I ran the same test again with same version, I notice little difference. It maybe due to the fact that I had Ivanhoe running 2 cores in background during the first two tests. When Stockfish was still using 1 CPU, I thought it wouldn't affect the results when I ran Ivanhoe for analysing games in another window.

Now, I'm going to run 1.6.2 and 1.6.3 (again) without any other programs in the background. Will let you know about the results.

Stockfish 1.6.3 JA
by Marco Costalba, Tord Romstad, Joona Kiiski, Europe.

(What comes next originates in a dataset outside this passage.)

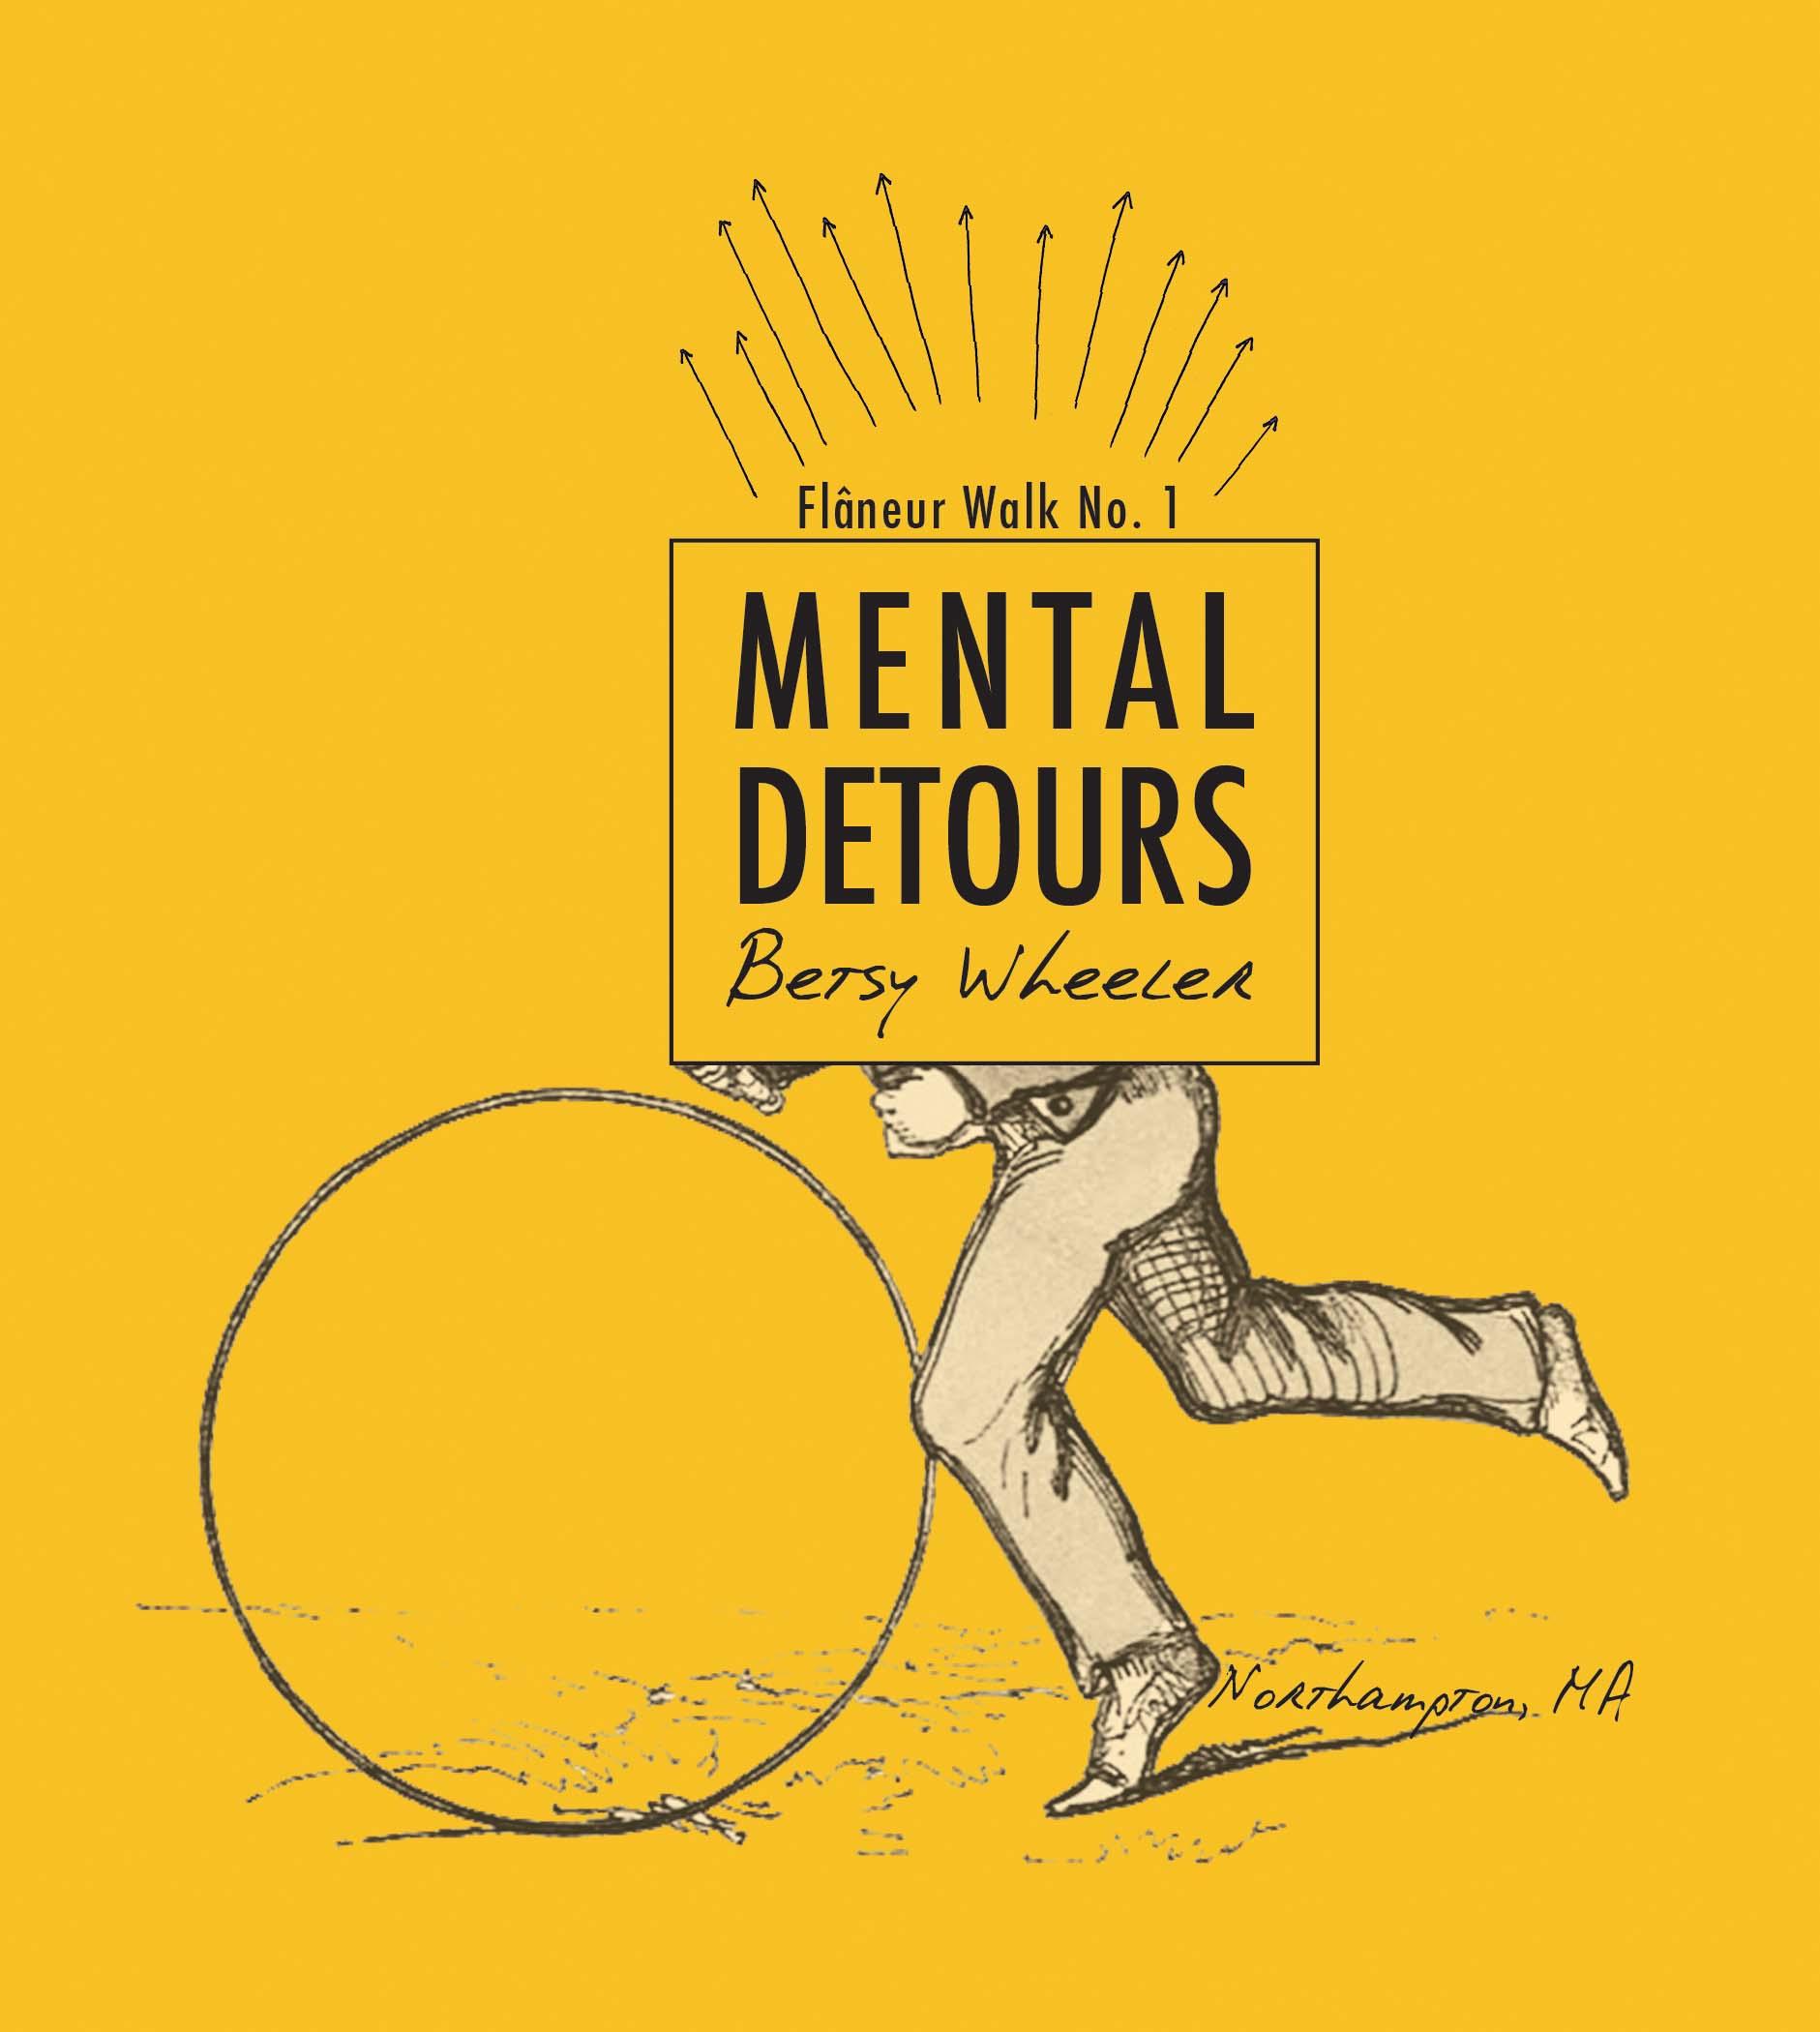 Mental Detours  by Betsy Wheeler (Shape&Nature Press, 2014) |Flâneur Walk Pamphlet Series, No. 2: Northampton, MA

Strategic Test Suite Conditions:

Core2Quad 32 bits, Q6600, 2 GB RAM, 2.4GHZ
10 seconds per position
900 positions
Engine uses 156 Mb Hash.
Single CPU
Arena GUI

Overall Performance:

Total Score: 695/900 [.....] Average : 77.22% [.....] Grade: A [.....] Total Rated Time: 41.37/150 minutes [2482 Seconds/9000 Seconds]
Subject-wise Scores:

STS (v1.0) - Undermining:
82/100, Grade: A+

STS (v2.1) - Open Files and Diagonals:
80/100, Grade: A+

STS (v3.0) - Knight Outposts/Centralization/Repositioning:
81/100, Grade: A+

STS (v4.1) - Square Vacancy:
83/100, Grade: S

STS (v5.0) - Bishop vs Knight:
79/100, Grade: A

STS (v6.0) - Re-Capturing:
78/100, Grade: A

STS (v7.0) - Offer of Simplification:
74/100, Grade: A-

STS (v8.1) - Advancement of f/g/h Pawns:
63 /100, Grade: B

STS (v9.0) - Advancement of a/b/c Pawns:
75/100, Grade: A

Best Wishes,
Swami

swami · Post by **swami** » Thu Feb 04, 2010 1:50 am

mcostalba wrote:
swami wrote: Stockfish 1.6.2 was tested when STS suites had a partial credit moves and Arena erroneously awarded points for certain moves. I wasn't aware of this bug until Wesley pointed it out in a thread later on.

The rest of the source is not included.